RECORD EXCERPTS:
________________________________________

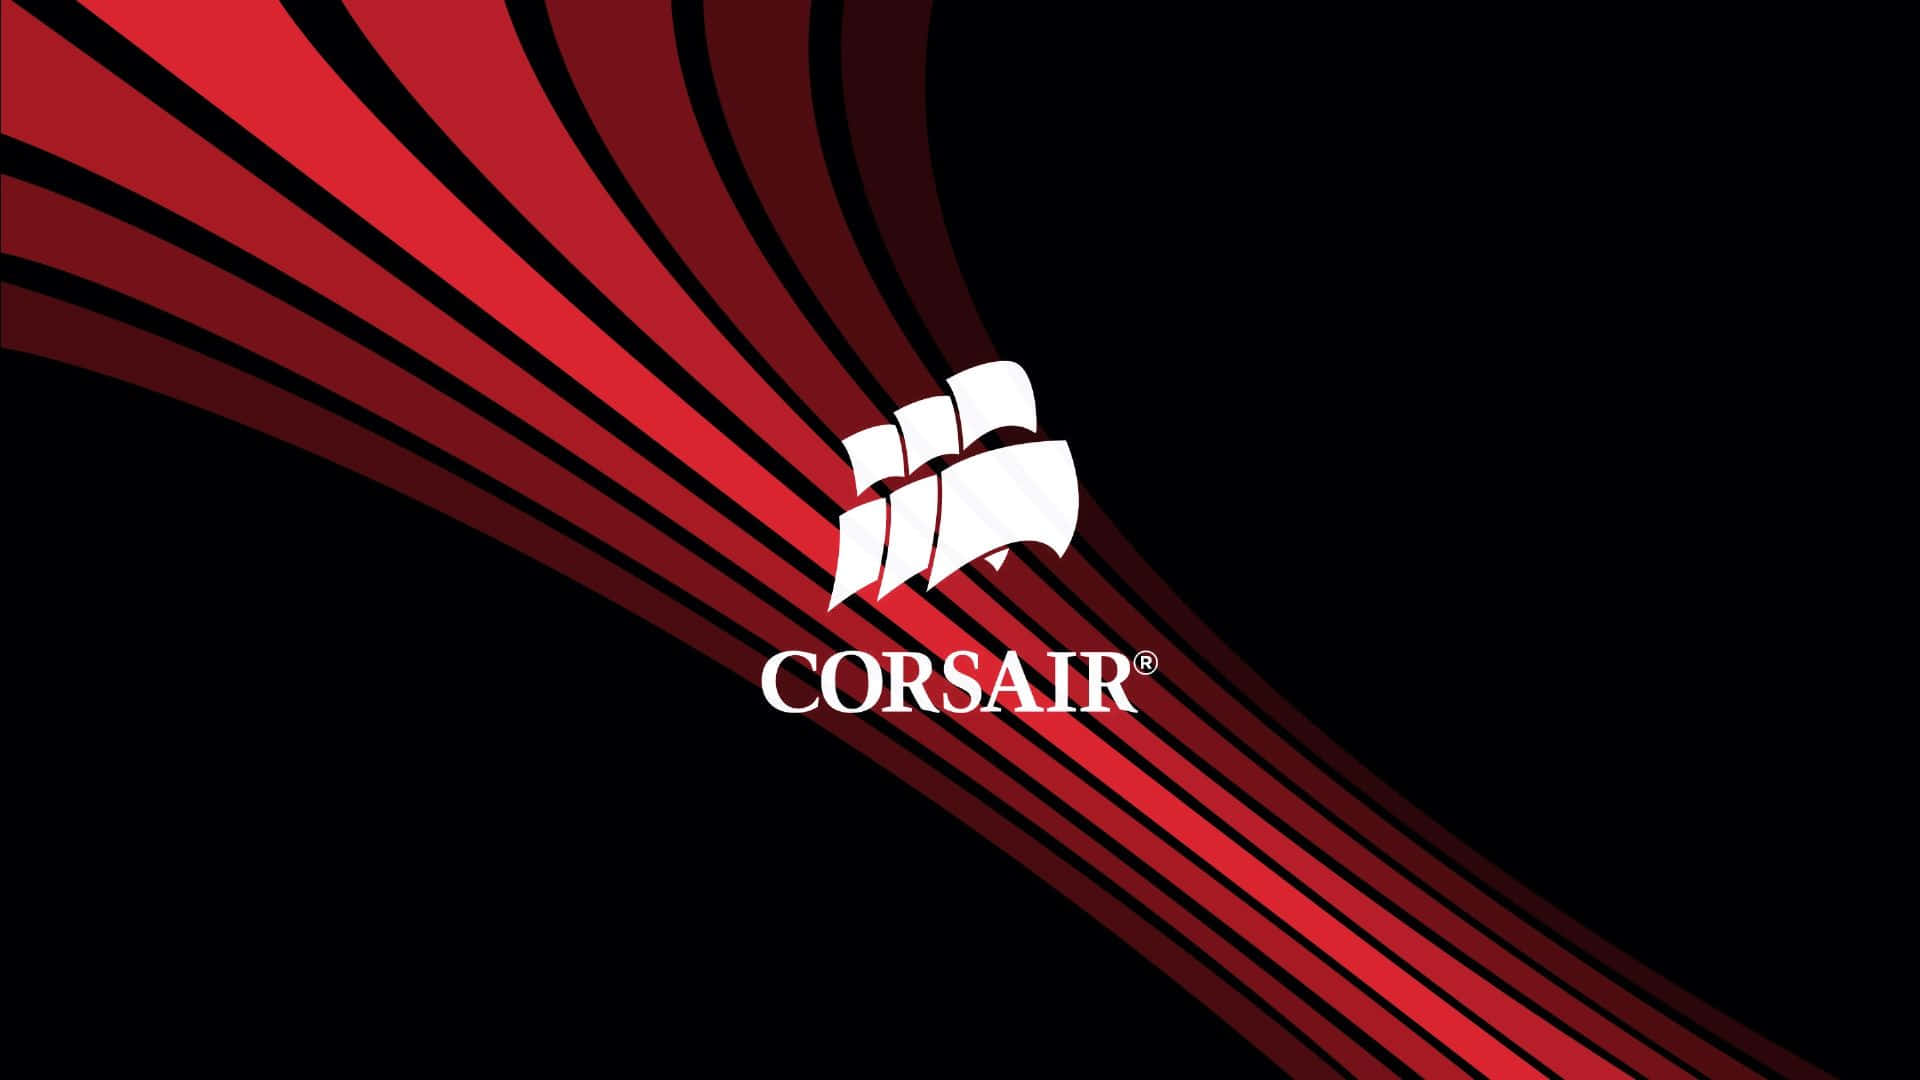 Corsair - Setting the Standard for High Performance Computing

________________________________________

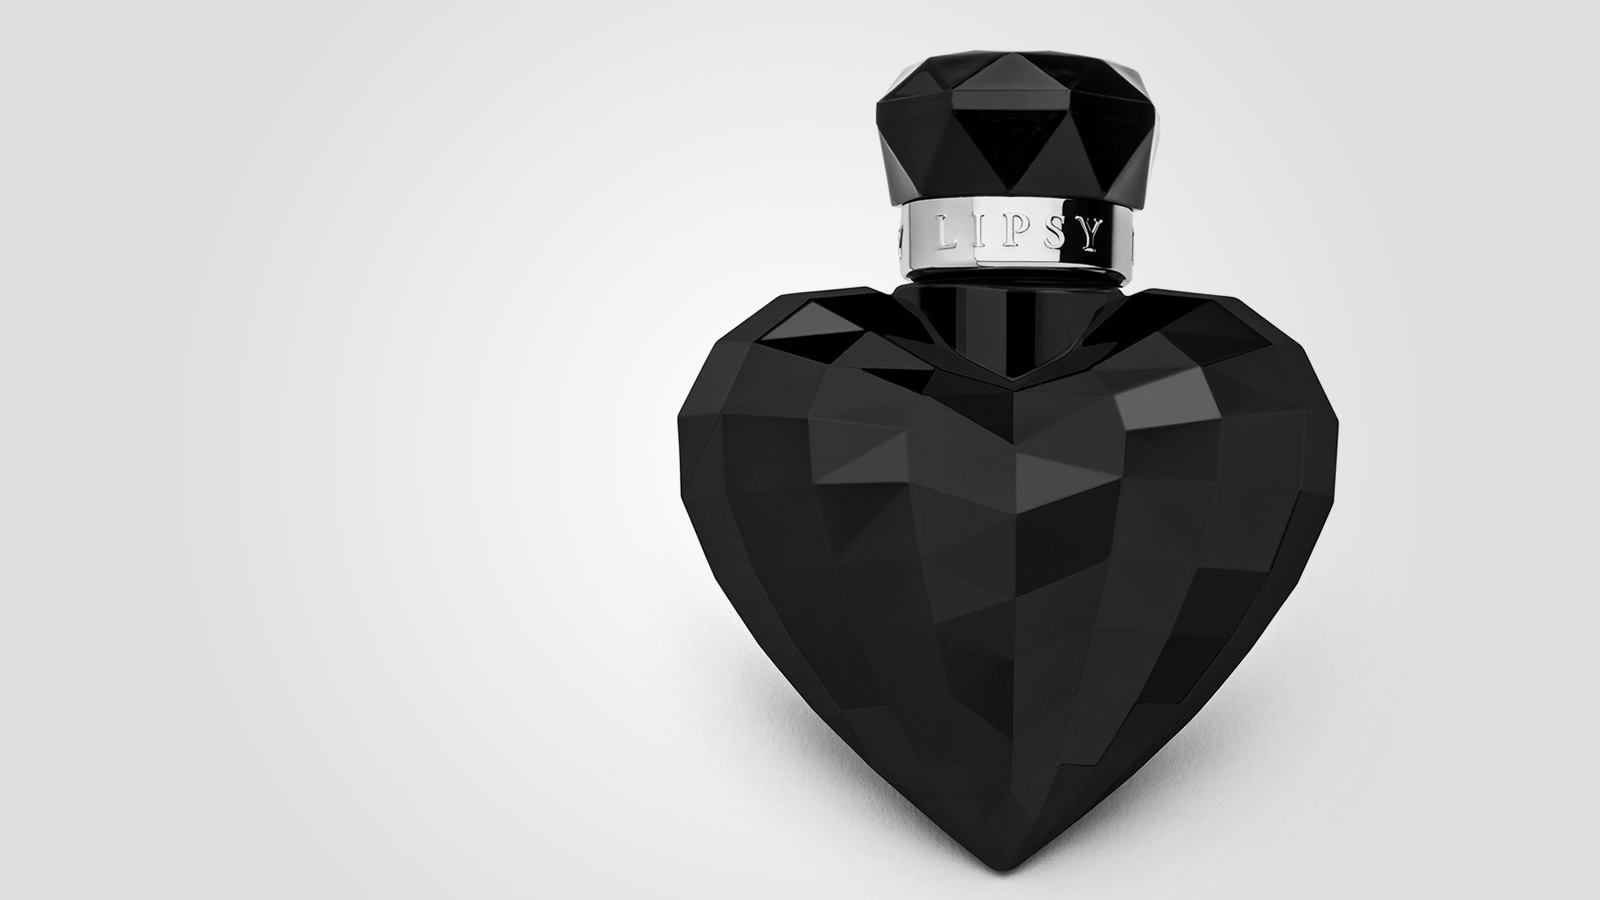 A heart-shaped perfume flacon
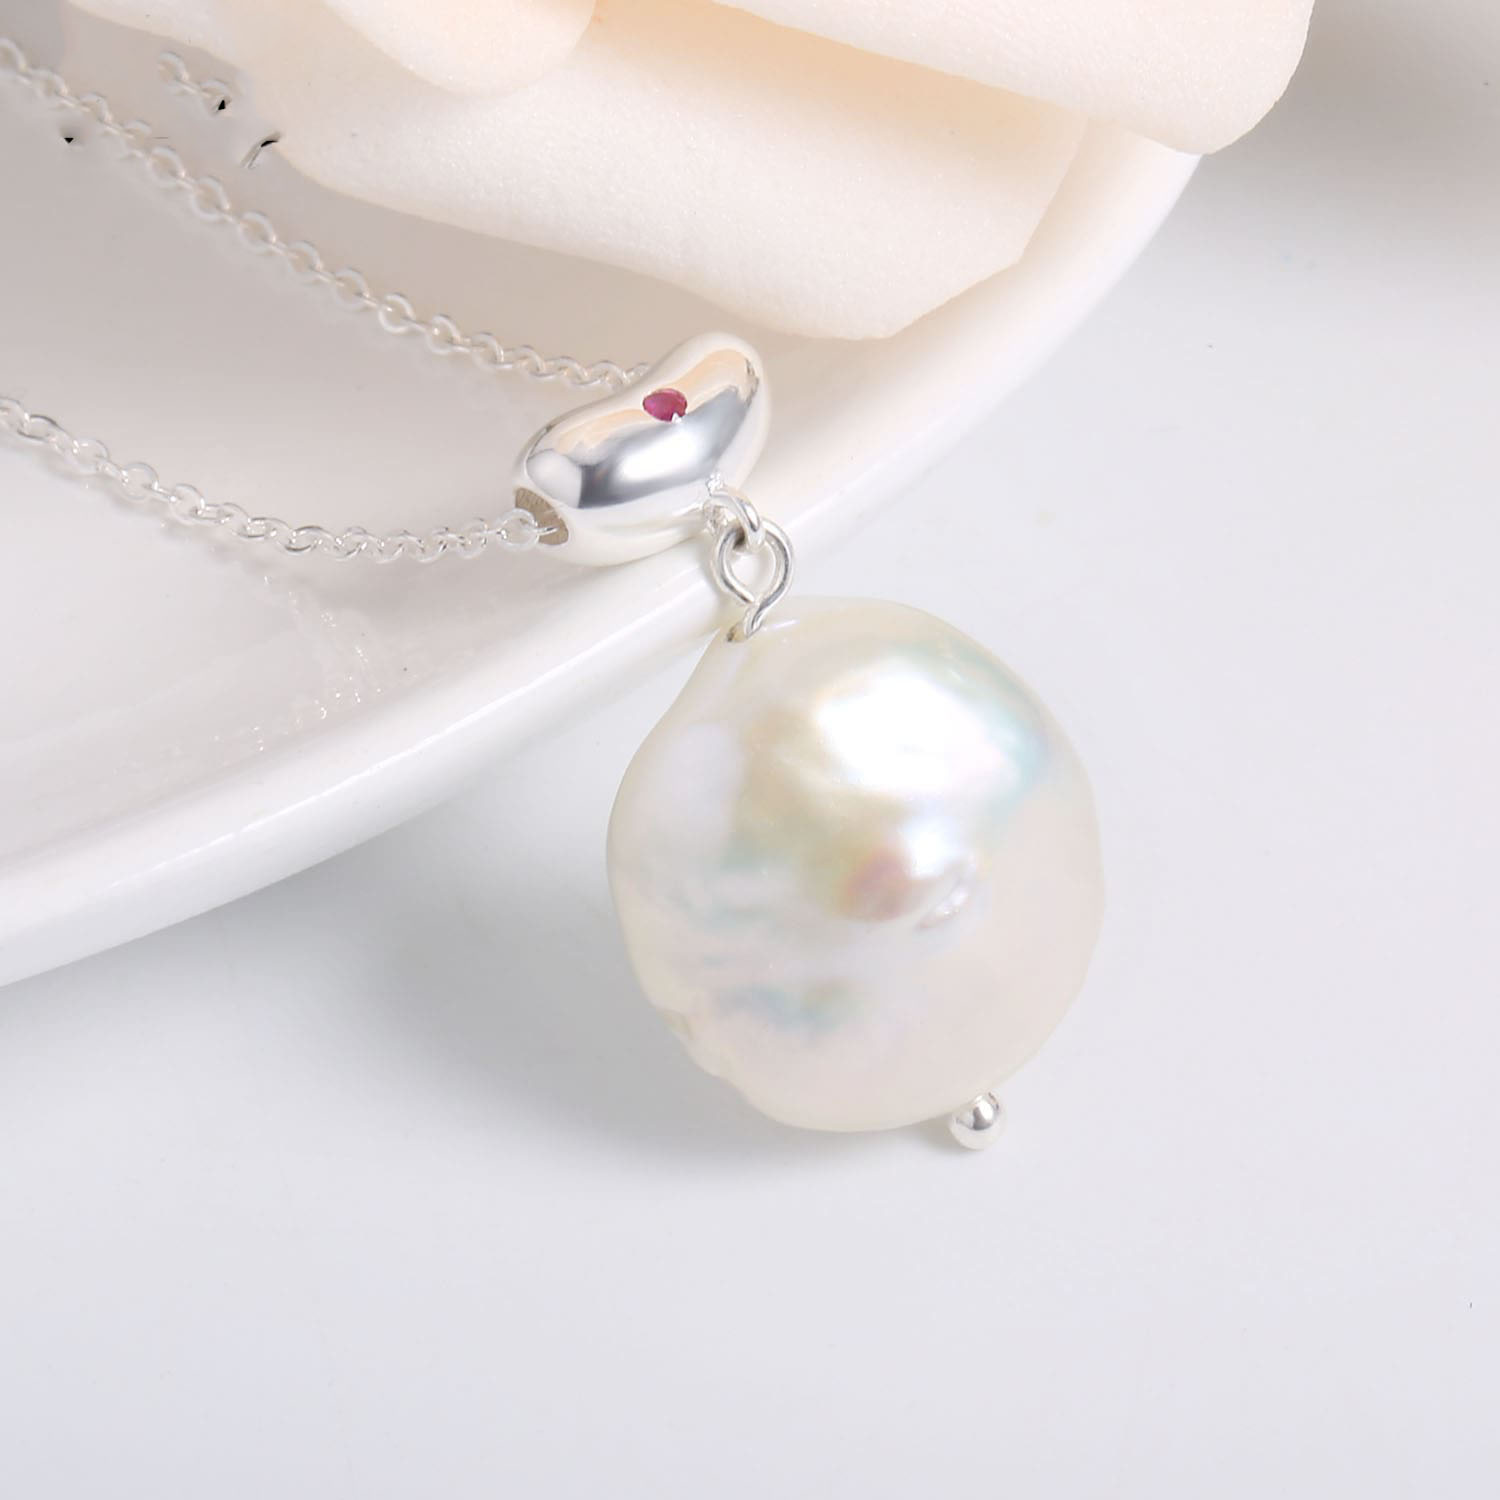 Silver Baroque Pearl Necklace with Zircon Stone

________________________________________

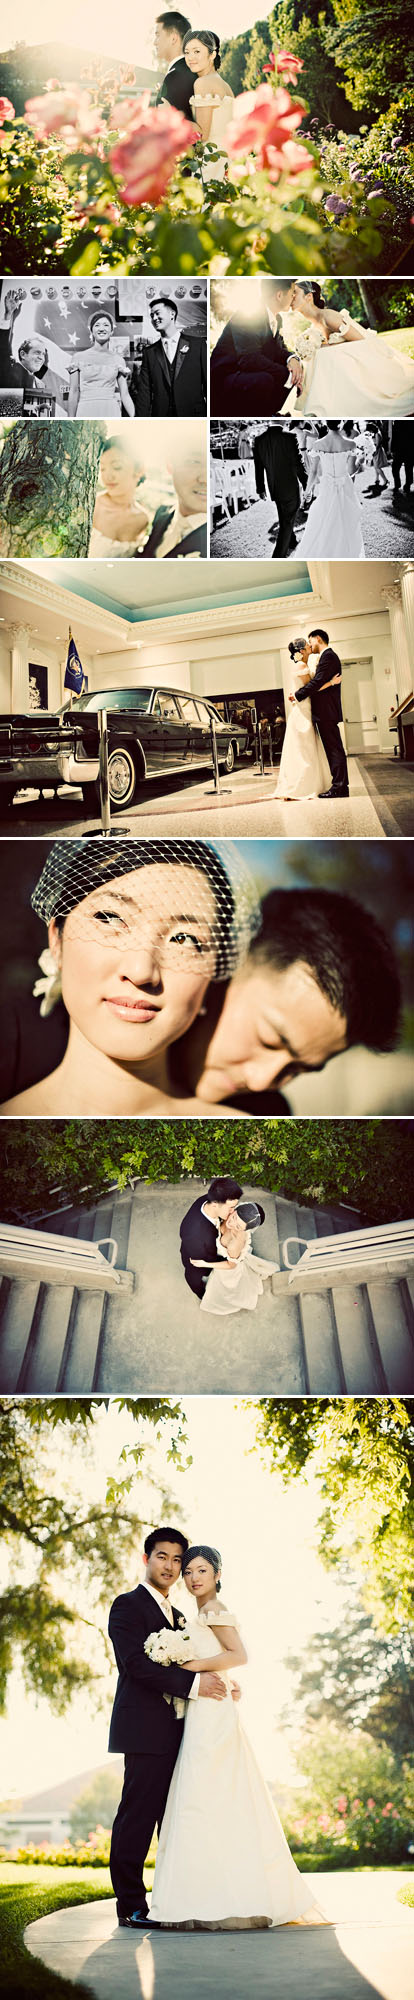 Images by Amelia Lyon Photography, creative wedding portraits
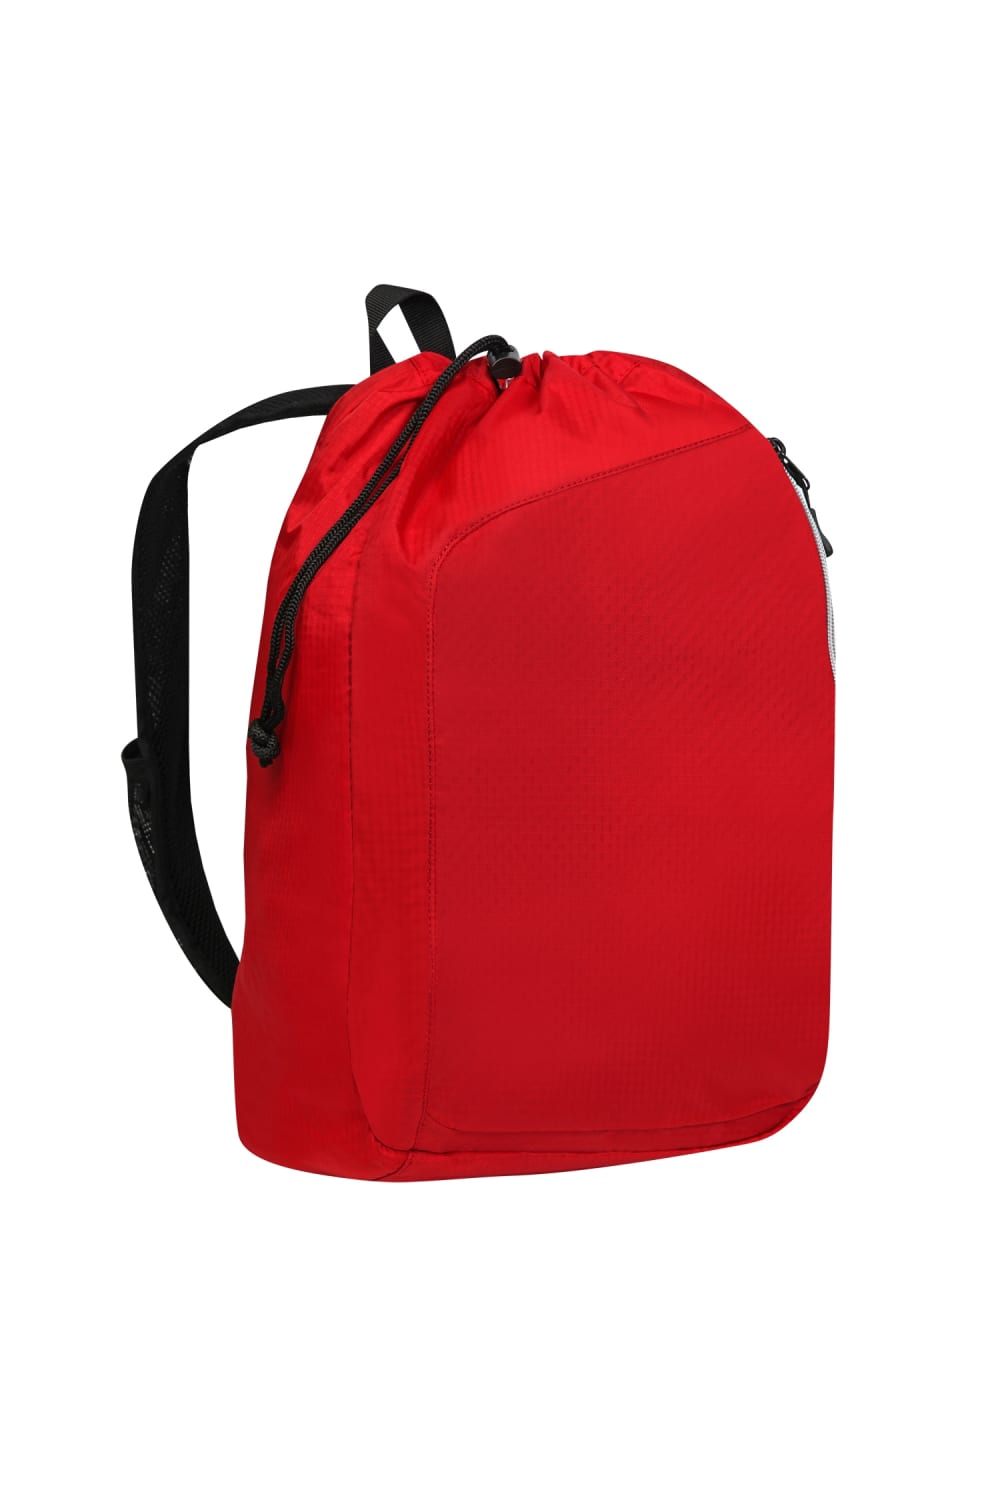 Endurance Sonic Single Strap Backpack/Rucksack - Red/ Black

________________________________________

ASSIGNMENT:
Using the listing above, restate exactly the range between the lines holding "A heart-shaped perfume flacon" and "Silver Baroque Pearl", inclusive, with pictures left out.

RESPONSE TO THE EXERCISE:
 A heart-shaped perfume flacon
 Silver Baroque Pearl Necklace with Zircon Stone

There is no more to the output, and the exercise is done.